Savoir et civisme Les sociétés savantes et l’action patriotique en Europe au XVIIIe siècle
Savoir et civisme Les sociétés savantes et l’action patriotique en Europe au XVIIIe siècle, Michèle Crogiez Labarthe, Juan Manuel Ibeas Altamira, Alain Schorderet, octobre 2017, 412 pages, 50 €
Edition: Slatkine
Le XVIIIesiècle fut l’âge d’or des académies et des sociétés savantes en général, des académies et des sociétés savantes de province en particulier. Loin de ne rassembler que des notables chenus ou des abstracteurs de quintessence et du mouvement perpétuel (comme ce fut le cas par la suite), ces sociétés jouèrent un rôle important dans la vie intellectuelle du temps. Deux exemples suffiront à le montrer. En 1749, l’académie de Dijon mit à son concours la question de savoir « si le rétablissement des sciences et des arts a contribué à épurer les mœurs ». Les académiciens bourguignons primèrent la réponse envoyée par un jeune Suisse inconnu, Jean-Jacques Rousseau ; réponse qui sera publiée sous le titre de Discours sur les sciences et les arts. En 1787, la Société royale de Metz posa une autre question : « Est-il des moyens de rendre les Juifs plus utiles et plus heureux en France ? » (l’abbé Grégoire y participa avec son Essai sur la régénération physique, morale et politique des Juifs).
La manière dont la Société royale de Metz avait formulé sa question mérite qu’on s’y arrête. Que les Juifs soient heureux, on comprend ce que cela veut dire. Une décennie plus tôt, ce texte emblématique des Lumières qu’est la Constitution des États-Unis d’Amérique avait hissé le bonheur au nombre des droits fondamentaux. Mais pourquoi associer « heureux » à « utiles », en plaçant l’utilité avant le bonheur ? Peut-être sans le savoir, la Société royale de Metz reprenait le raisonnement de l’économiste italien G. G. d’Arco (1739-1791), qui avait publié en 1782, à Venise, un livre intitulé Della Influenza del Ghetto nella Stato, où il considérait que la réclusion des Juifs dans les ghettos constituait un obstacle au libre-échange et qu’il convenait de favoriser leur assimilation à la société.
L’alliance du bonheur et de l’utilité apparaît également caractéristique de la pensée des Lumières et cet utilitarisme explique aussi bien leur refus de la peine capitale (un condamné à mort ne sert plus à rien) que leur mépris envers les ordres monastiques (un homme qui voue ses journées à la prière ne possède pas d’utilité sociale) ou, ce qui semble plus anecdotique, la mise en œuvre de protocoles de réanimation pour les noyés, auxquels on prit alors un intérêt inédit.
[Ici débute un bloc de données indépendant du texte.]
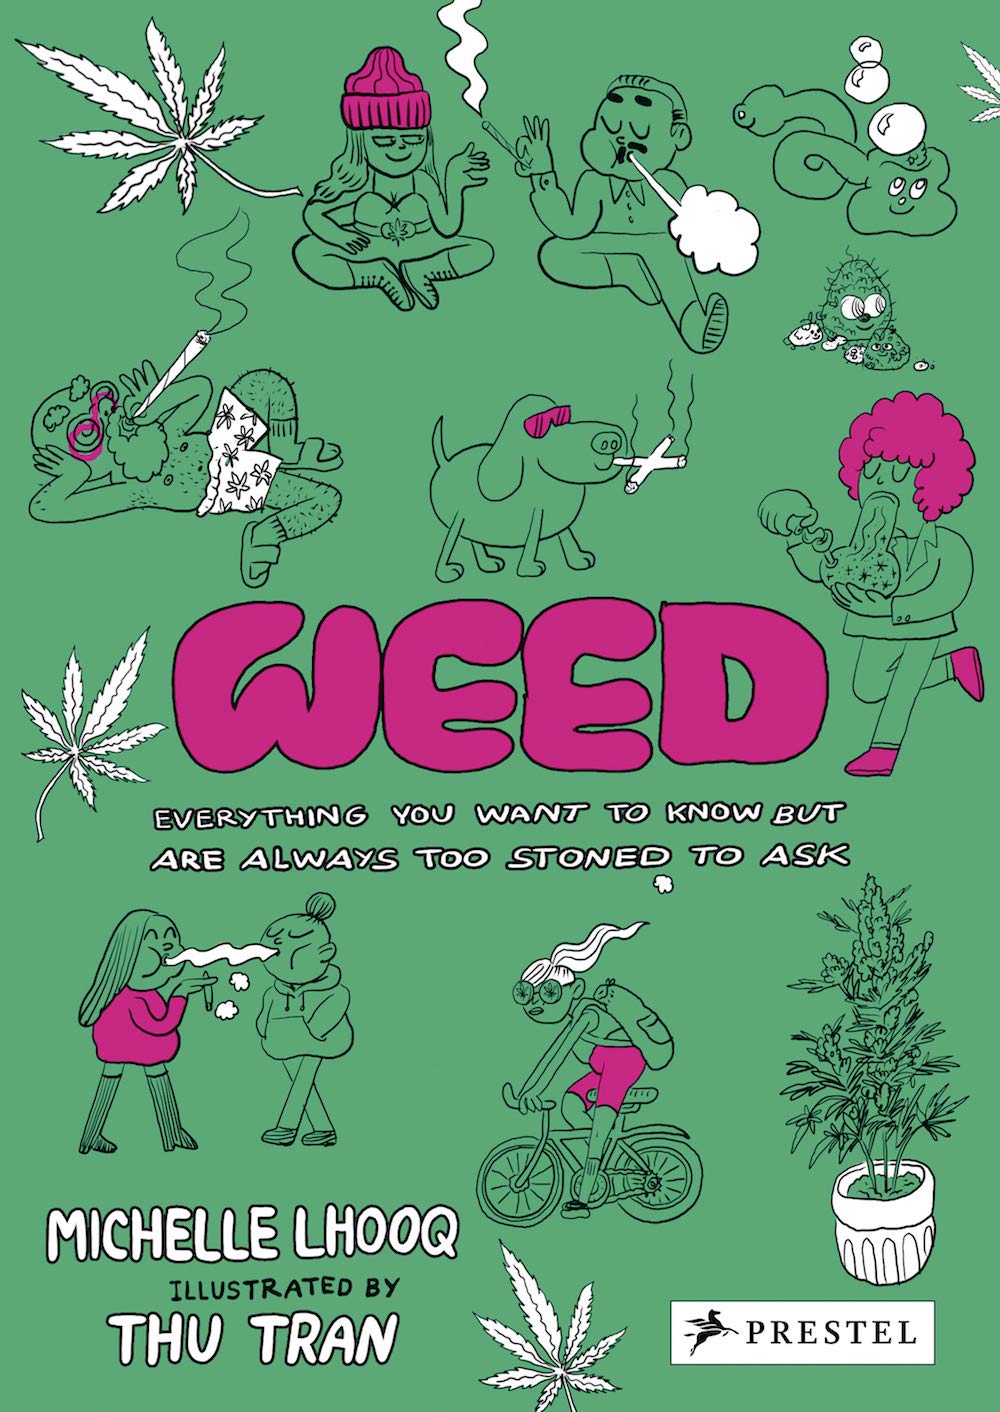 Weed: Everything You Wanted to Know But Are Always Too Stoned To Ask

Comme on le lit dans les Mémoires de la société formée à Amsterdam en faveur des noyés (1768), quand un homme se noie « la société sacrée et civile sont privées [sic] d’un de leurs membres, qui, dans quelque situation qu’il fût, pouvait encore leur rendre des services » (cité p.58 – la question des noyés recoupe d’ailleurs une autre préoccupation de l’époque, celle des frontières entre la vie et la mort). Les Lumières estimaient que tant l’individu que le savoir devaient être nécessairement utiles, et avant tout utiles aux concitoyens. Cette idée est un corollaire de la foi dans le progrès humain. Savoir et civisme publie les actes d’un colloque organisé à Berne en mars (selon la p.7) ou en septembre 2012 (selon la couverture du volume). Les communications (en français, allemand, italien et anglais) portent sur des sociétés savantes établies en France, en Suisse, en Italie et dans la péninsule ibérique, ainsi que sur leurs rapports mutuels. L’ensemble est d’autant plus intéressant qu’au point de vue intellectuel, tous les pays d’Europe ne vivaient pas à la même heure : en 1784, lorsque Kant se demandera « Que signifie le progrès des Lumières ? » (Was heißt Aufklärung ?), le mouvement était depuis plusieurs années achevé en France (Voltaire et Rousseau sont morts depuis six ans).Il n’y aura pas, au XVIIIesiècle, de province qui se jugeât indigne de participer aux grands débats du temps et, du canton de Berne au pays basque, toutes contribuèrent au bouillonnement d’idées, certaines lumineuses, d’autres portant en germe les pires tragédies, qui rend le Siècle des Lumières fascinant.